*** Dataset section
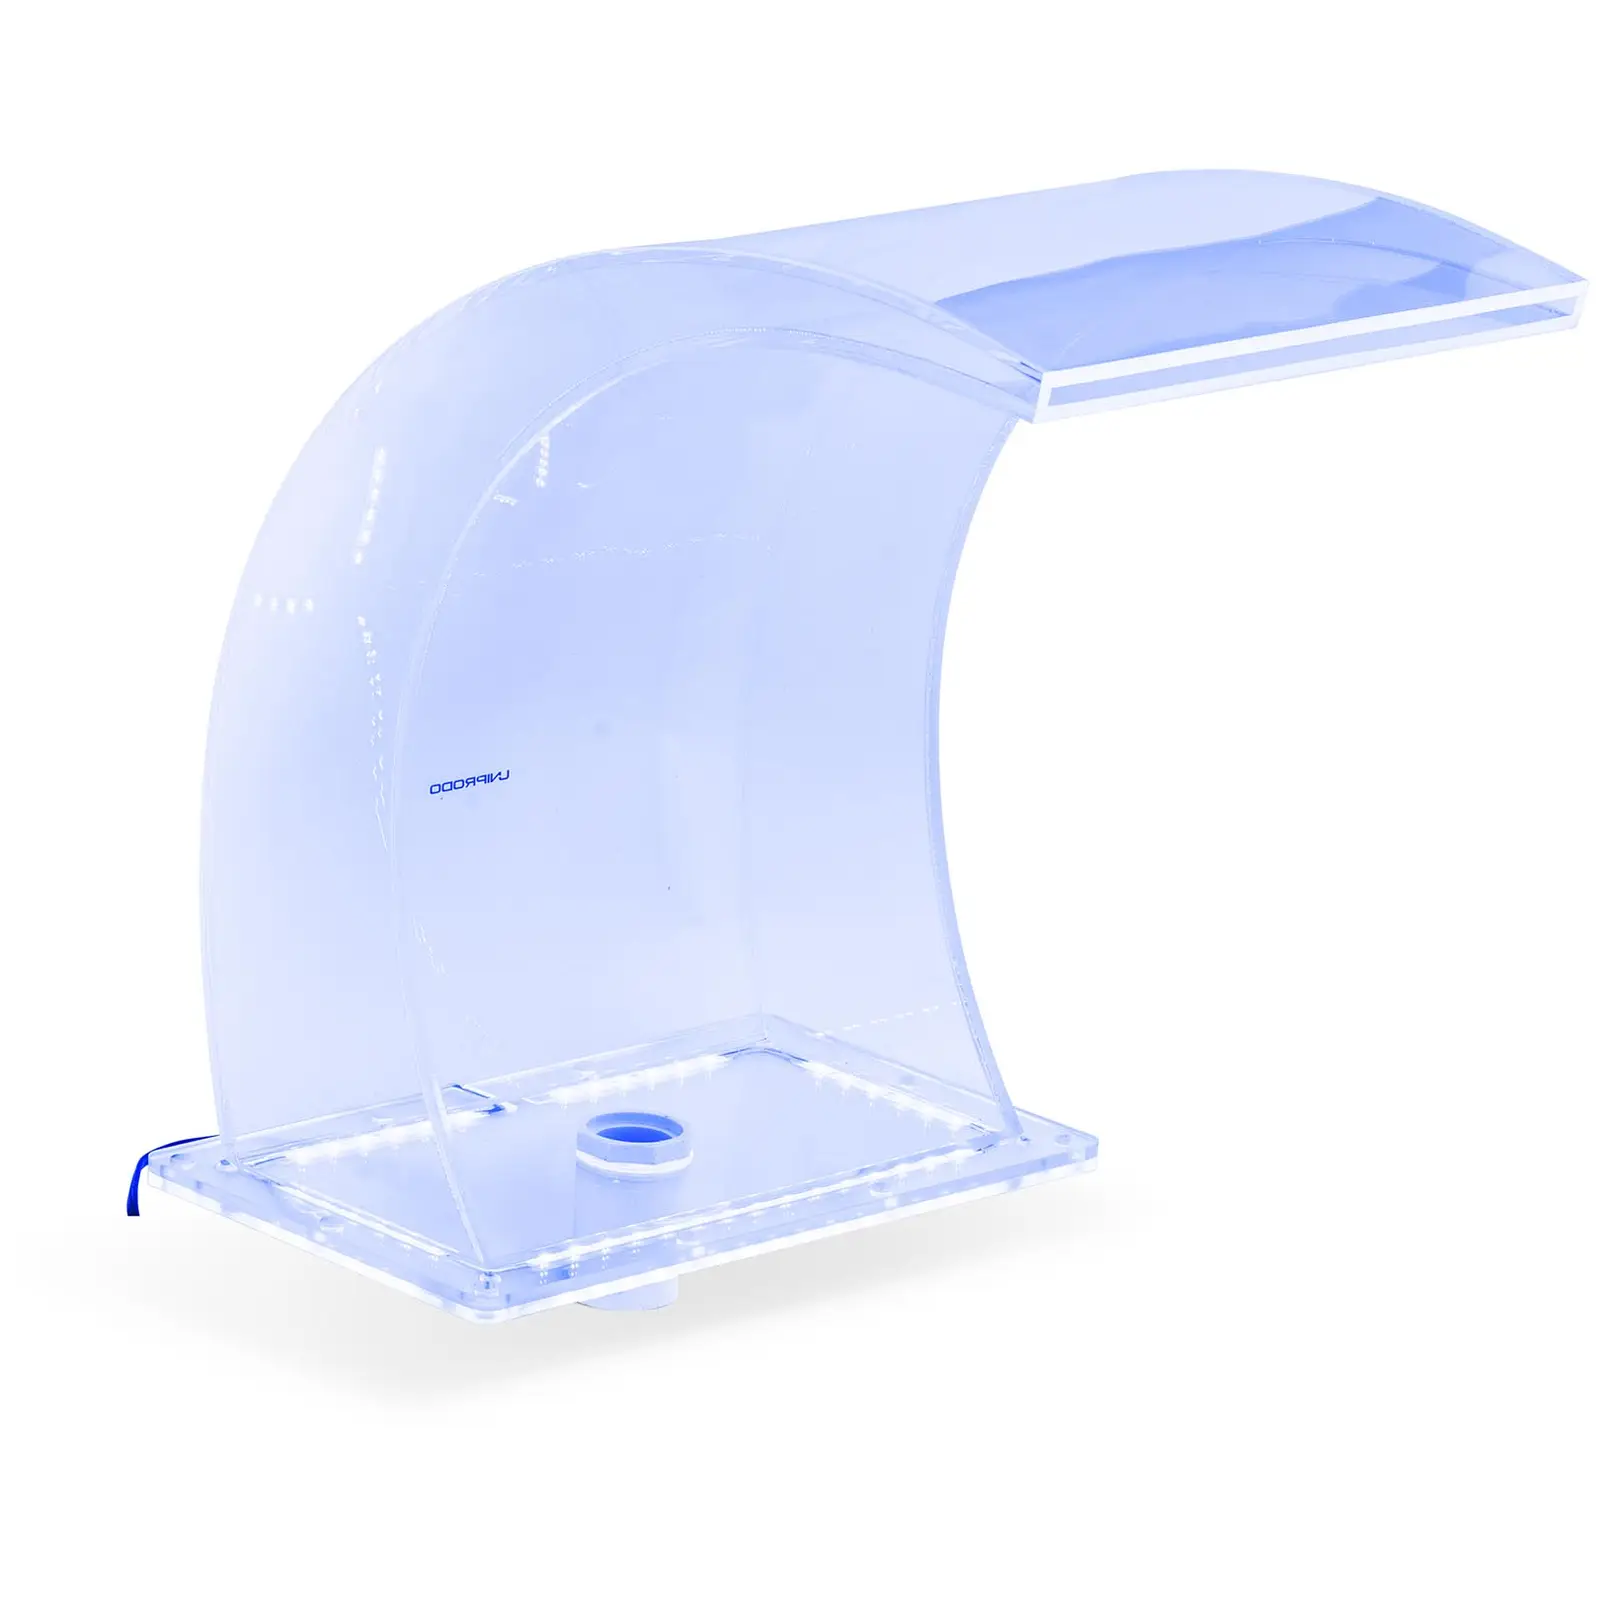 Chrlič vody - 33 cm - LED osvětlení - modrá/bílá barva - výtok 303 mm
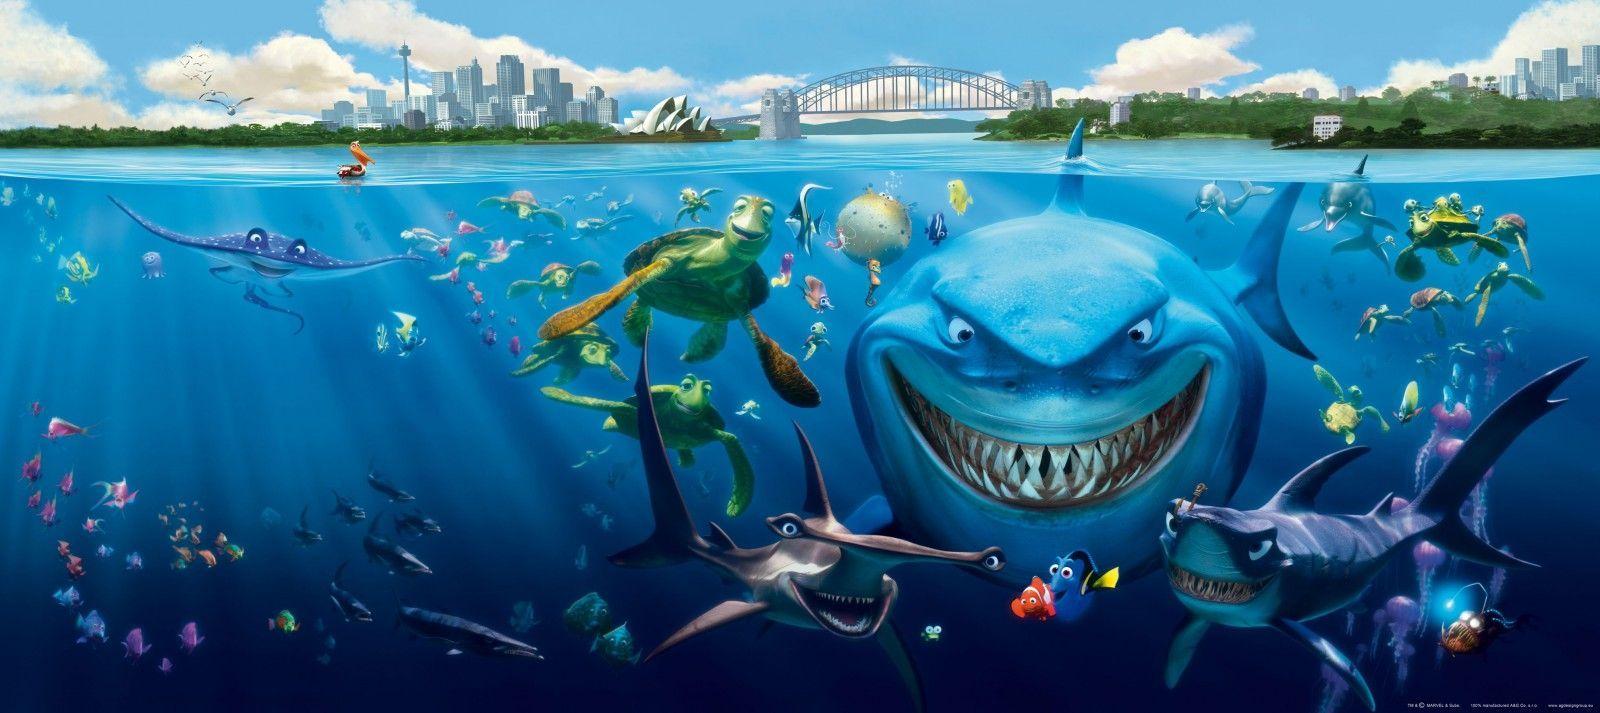 1600x713 Hình nền bức tranh tường bức tranh Finding Nemo 3 con cá mập Bruce Anchor & Chum ảnh 202 x 90 cm / 2,21 yd x 35,43 
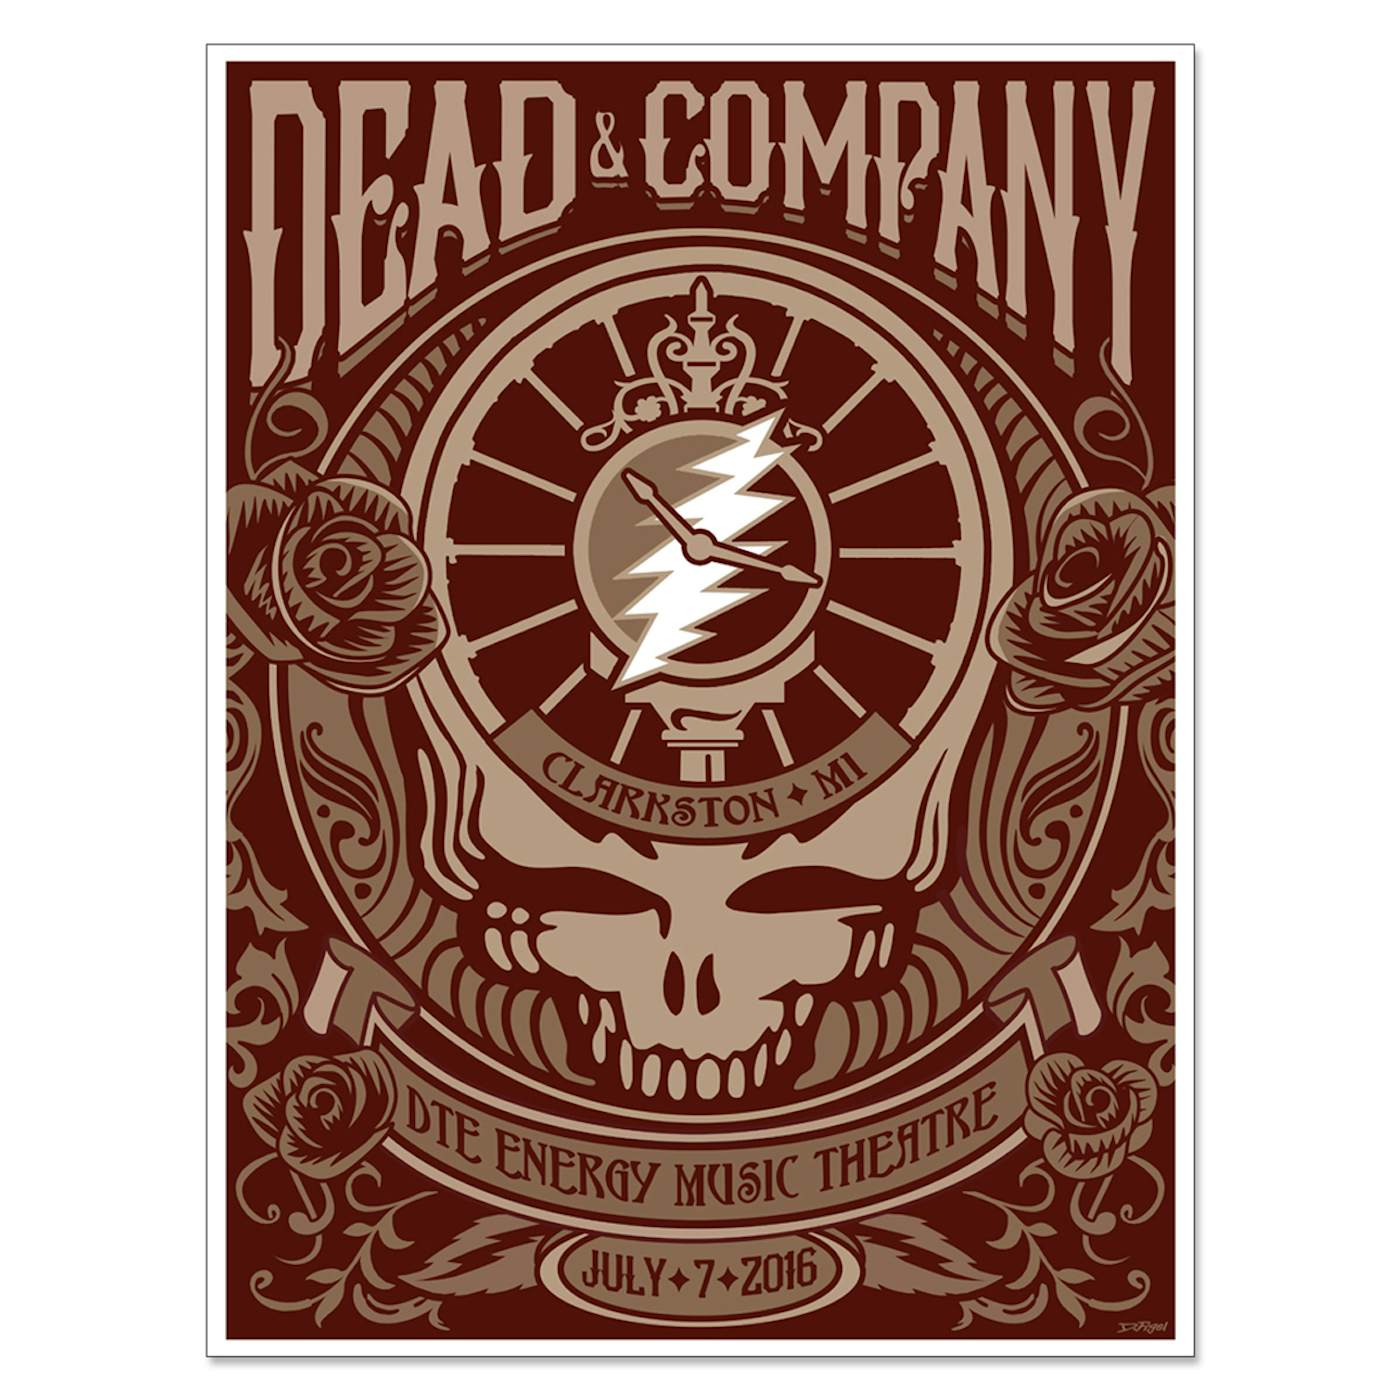 Dead & Company Clarkston, Michigan Exclusive Event Poster
******
**Work order:** With the pictures excluded, the line containing "1600x713 Hình nền" and every line after it through the end of the data above are to be transcribed exactly, and nothing more.

**Response to the task:**
 1600x713 Hình nền bức tranh tường bức tranh Finding Nemo 3 con cá mập Bruce Anchor & Chum ảnh 202 x 90 cm / 2,21 yd x 35,43 
 Dead & Company Clarkston, Michigan Exclusive Event Poster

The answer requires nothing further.